CASSANDRA-3901 explains the basics of the first of the two points listed above, and how I believe this is already not correct in the current version.

It gets more complicated for arbitrary transitions for the following reason:

The easiest way to implement arbitrary transitions would be to just require that a transition completes fully, or not at all. This avoids complexity in responsibility calculations, with each node being responsible (in the write set) for the parts of the ring that it will eventually be responsible for when all completes.
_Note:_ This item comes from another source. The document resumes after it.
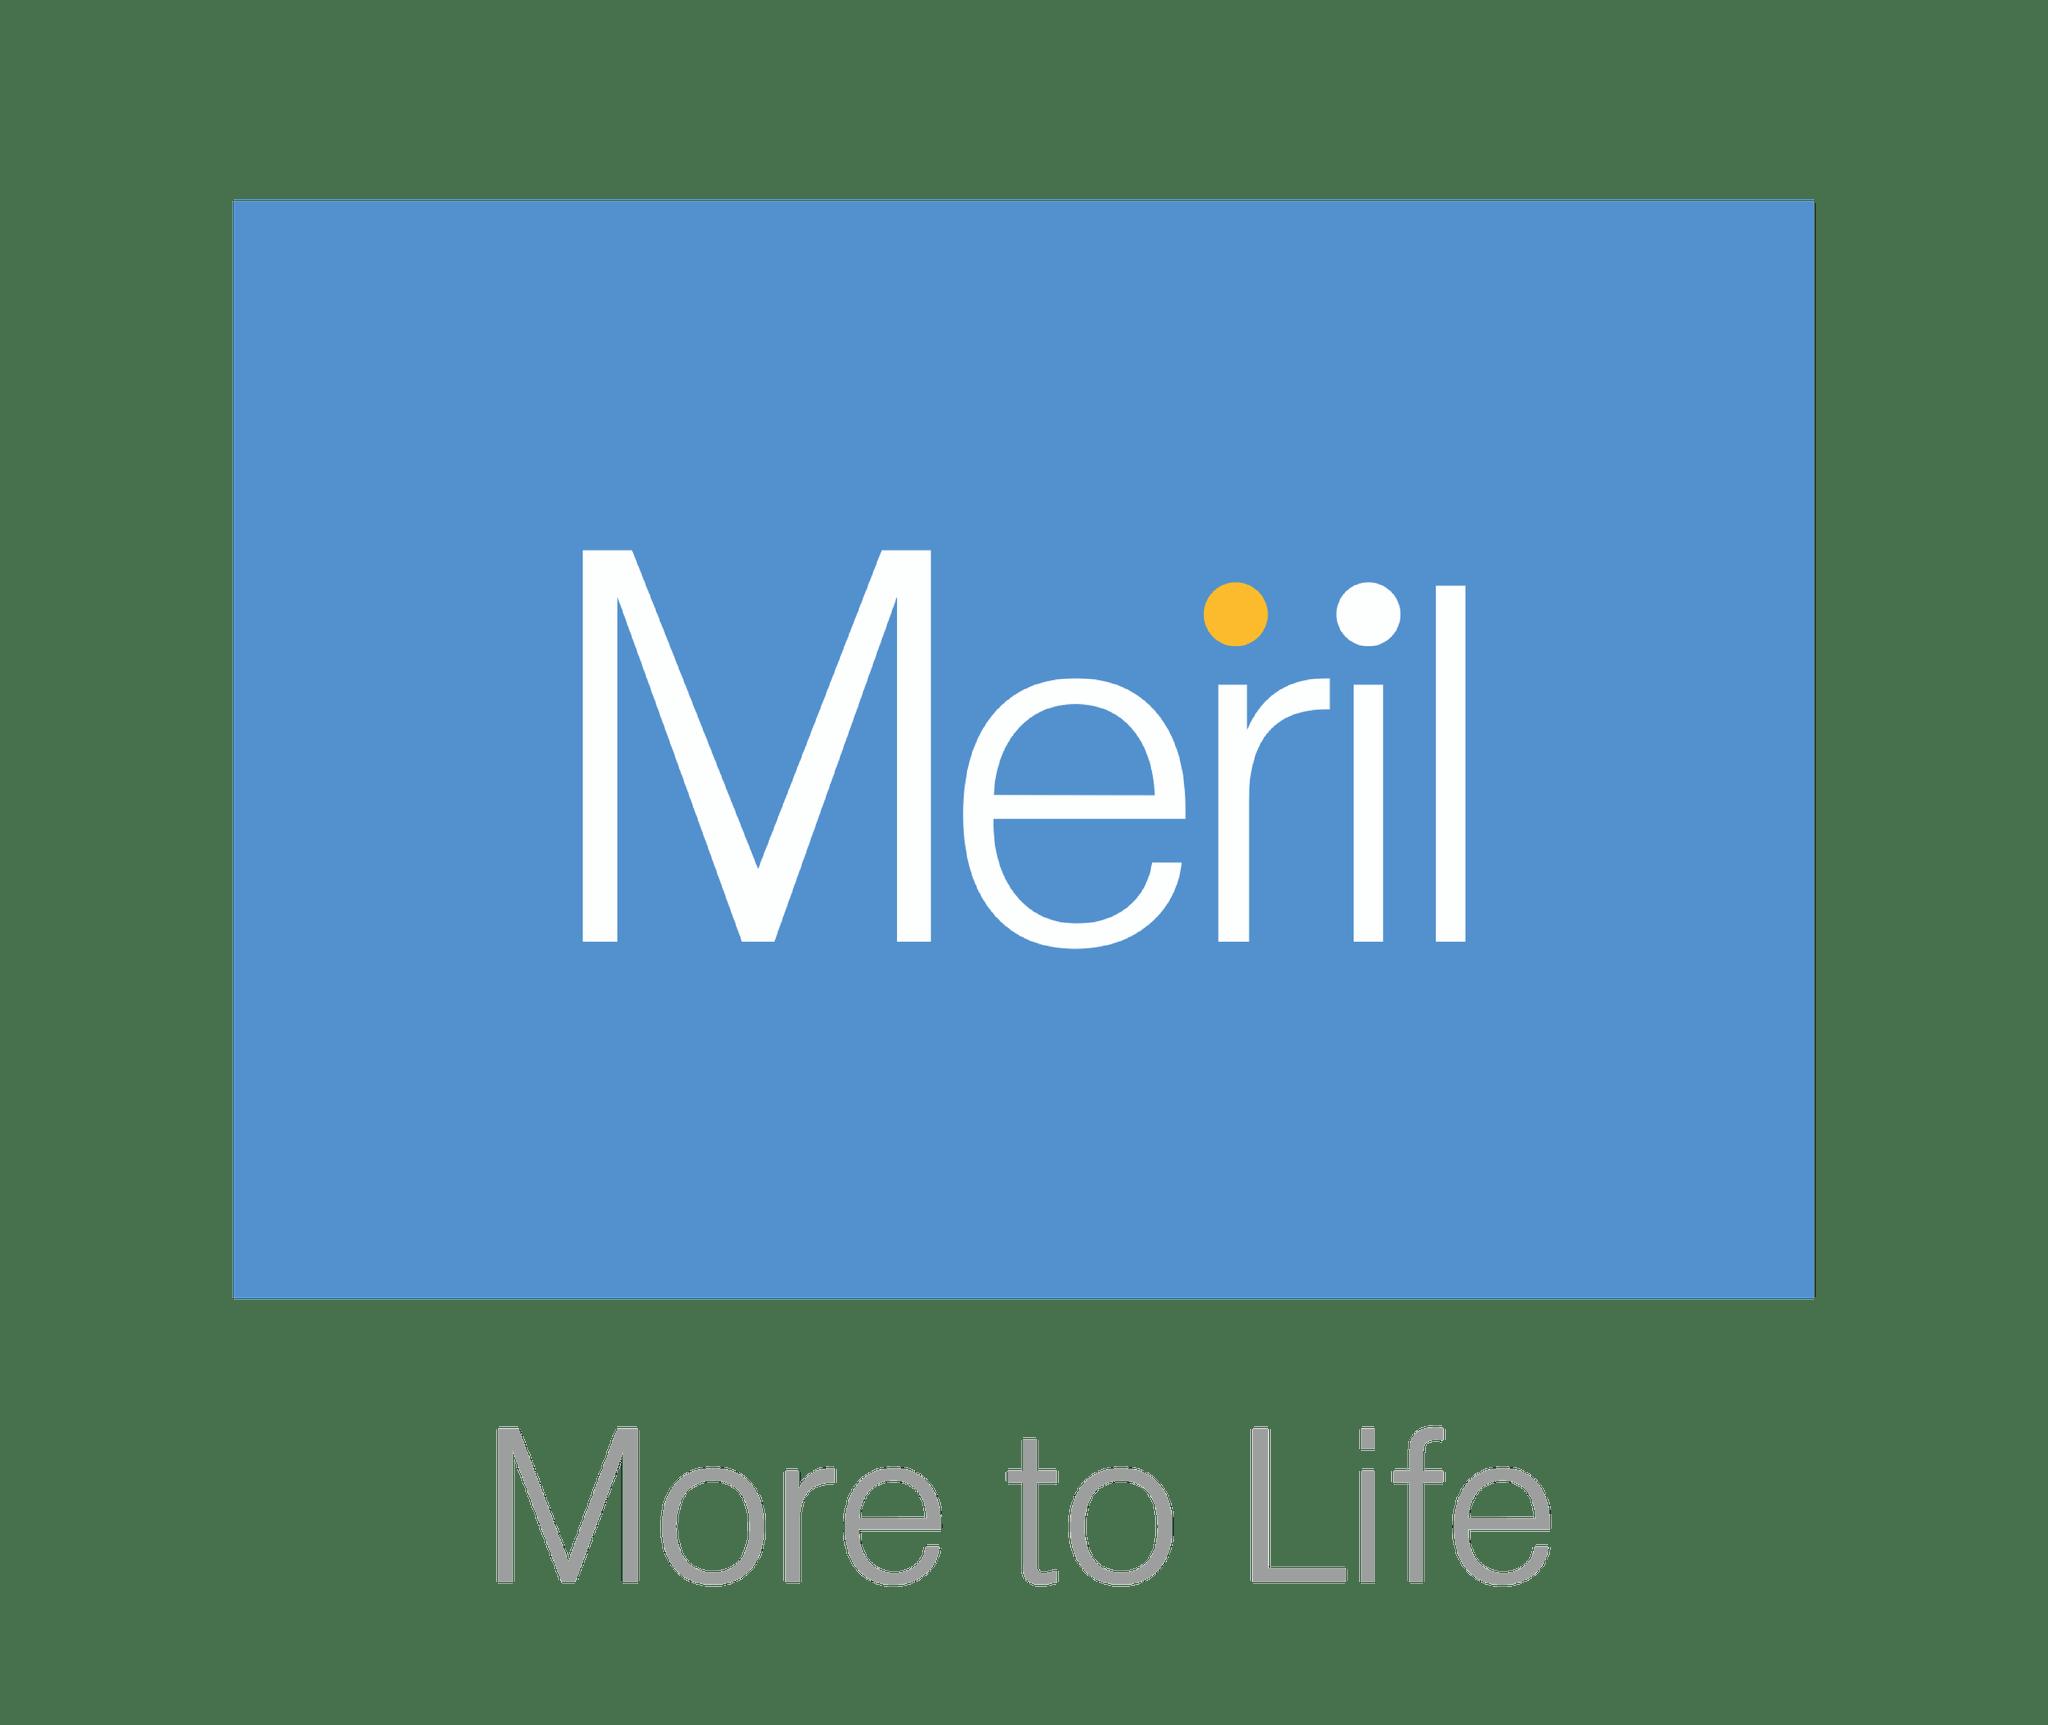 Meril Life

But clearly, from an operator's standpoint, it would be good to allow ad-hoc changing of a transition change. Supposing you're bootstrapping 100 nodes into a cluster and 2 of them turn out to be broken, you'd like to just be able to say 'oh well, nevermind those 2 for now I'll come back to them later [when h/w ix fixed for example]". The problem is that if there is overlap between hosts being inserted into the cluster (I'm using the word "inserted" and assuming node bootstrap for simplicity; the equivalent holds true for any change) other nodes will not have been part of the write set so you cannot just forget about the ones that aren't up yet.

On way to address this is to not consider overlapping nodes when calculating the write set, preferring to write "too much" data (as the case is today). Another way is to do the full calculations and have additional streaming happen when a topology change is adjusted - but that seems excessively complex.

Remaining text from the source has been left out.